TO DO:
Reproduce the listing exactly, so that no line differs from the original.

TASK INPUTS:
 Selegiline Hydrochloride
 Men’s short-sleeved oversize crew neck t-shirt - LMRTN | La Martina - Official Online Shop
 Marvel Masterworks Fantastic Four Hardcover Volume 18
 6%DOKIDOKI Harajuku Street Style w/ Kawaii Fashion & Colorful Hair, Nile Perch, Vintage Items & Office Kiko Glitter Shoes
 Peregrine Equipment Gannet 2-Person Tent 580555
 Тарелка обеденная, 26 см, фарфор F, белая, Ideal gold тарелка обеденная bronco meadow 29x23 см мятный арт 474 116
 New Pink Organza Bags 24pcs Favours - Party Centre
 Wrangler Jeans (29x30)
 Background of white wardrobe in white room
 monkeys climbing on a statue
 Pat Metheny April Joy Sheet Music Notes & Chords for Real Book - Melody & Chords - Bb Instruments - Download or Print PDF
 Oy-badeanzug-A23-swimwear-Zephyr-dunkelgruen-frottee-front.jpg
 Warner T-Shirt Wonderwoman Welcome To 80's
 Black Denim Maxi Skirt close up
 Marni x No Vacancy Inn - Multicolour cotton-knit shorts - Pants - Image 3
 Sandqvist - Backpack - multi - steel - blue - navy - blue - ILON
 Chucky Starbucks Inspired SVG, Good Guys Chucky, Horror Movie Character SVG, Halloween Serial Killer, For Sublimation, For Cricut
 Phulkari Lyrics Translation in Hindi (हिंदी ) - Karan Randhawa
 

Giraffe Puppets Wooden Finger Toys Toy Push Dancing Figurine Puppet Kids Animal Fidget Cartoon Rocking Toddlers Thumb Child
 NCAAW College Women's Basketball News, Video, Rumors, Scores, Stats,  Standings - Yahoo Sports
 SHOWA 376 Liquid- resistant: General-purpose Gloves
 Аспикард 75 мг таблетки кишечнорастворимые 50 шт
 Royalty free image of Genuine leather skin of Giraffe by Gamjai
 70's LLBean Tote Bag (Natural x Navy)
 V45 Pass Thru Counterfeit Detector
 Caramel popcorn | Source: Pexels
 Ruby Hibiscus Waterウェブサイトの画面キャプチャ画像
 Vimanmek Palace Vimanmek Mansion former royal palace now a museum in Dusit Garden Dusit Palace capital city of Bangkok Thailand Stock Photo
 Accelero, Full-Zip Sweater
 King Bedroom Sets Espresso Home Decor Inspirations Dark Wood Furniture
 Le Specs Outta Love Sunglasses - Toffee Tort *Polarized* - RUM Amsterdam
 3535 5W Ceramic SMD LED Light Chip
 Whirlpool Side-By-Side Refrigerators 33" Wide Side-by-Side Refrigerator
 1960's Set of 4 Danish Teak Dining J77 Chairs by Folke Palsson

REPLY:
 Selegiline Hydrochloride
 Men’s short-sleeved oversize crew neck t-shirt - LMRTN | La Martina - Official Online Shop
 Marvel Masterworks Fantastic Four Hardcover Volume 18
 6%DOKIDOKI Harajuku Street Style w/ Kawaii Fashion & Colorful Hair, Nile Perch, Vintage Items & Office Kiko Glitter Shoes
 Peregrine Equipment Gannet 2-Person Tent 580555
 Тарелка обеденная, 26 см, фарфор F, белая, Ideal gold тарелка обеденная bronco meadow 29x23 см мятный арт 474 116
 New Pink Organza Bags 24pcs Favours - Party Centre
 Wrangler Jeans (29x30)
 Background of white wardrobe in white room
 monkeys climbing on a statue
 Pat Metheny April Joy Sheet Music Notes & Chords for Real Book - Melody & Chords - Bb Instruments - Download or Print PDF
 Oy-badeanzug-A23-swimwear-Zephyr-dunkelgruen-frottee-front.jpg
 Warner T-Shirt Wonderwoman Welcome To 80's
 Black Denim Maxi Skirt close up
 Marni x No Vacancy Inn - Multicolour cotton-knit shorts - Pants - Image 3
 Sandqvist - Backpack - multi - steel - blue - navy - blue - ILON
 Chucky Starbucks Inspired SVG, Good Guys Chucky, Horror Movie Character SVG, Halloween Serial Killer, For Sublimation, For Cricut
 Phulkari Lyrics Translation in Hindi (हिंदी ) - Karan Randhawa
 

Giraffe Puppets Wooden Finger Toys Toy Push Dancing Figurine Puppet Kids Animal Fidget Cartoon Rocking Toddlers Thumb Child
 NCAAW College Women's Basketball News, Video, Rumors, Scores, Stats,  Standings - Yahoo Sports
 SHOWA 376 Liquid- resistant: General-purpose Gloves
 Аспикард 75 мг таблетки кишечнорастворимые 50 шт
 Royalty free image of Genuine leather skin of Giraffe by Gamjai
 70's LLBean Tote Bag (Natural x Navy)
 V45 Pass Thru Counterfeit Detector
 Caramel popcorn | Source: Pexels
 Ruby Hibiscus Waterウェブサイトの画面キャプチャ画像
 Vimanmek Palace Vimanmek Mansion former royal palace now a museum in Dusit Garden Dusit Palace capital city of Bangkok Thailand Stock Photo
 Accelero, Full-Zip Sweater
 King Bedroom Sets Espresso Home Decor Inspirations Dark Wood Furniture
 Le Specs Outta Love Sunglasses - Toffee Tort *Polarized* - RUM Amsterdam
 3535 5W Ceramic SMD LED Light Chip
 Whirlpool Side-By-Side Refrigerators 33" Wide Side-by-Side Refrigerator
 1960's Set of 4 Danish Teak Dining J77 Chairs by Folke Palsson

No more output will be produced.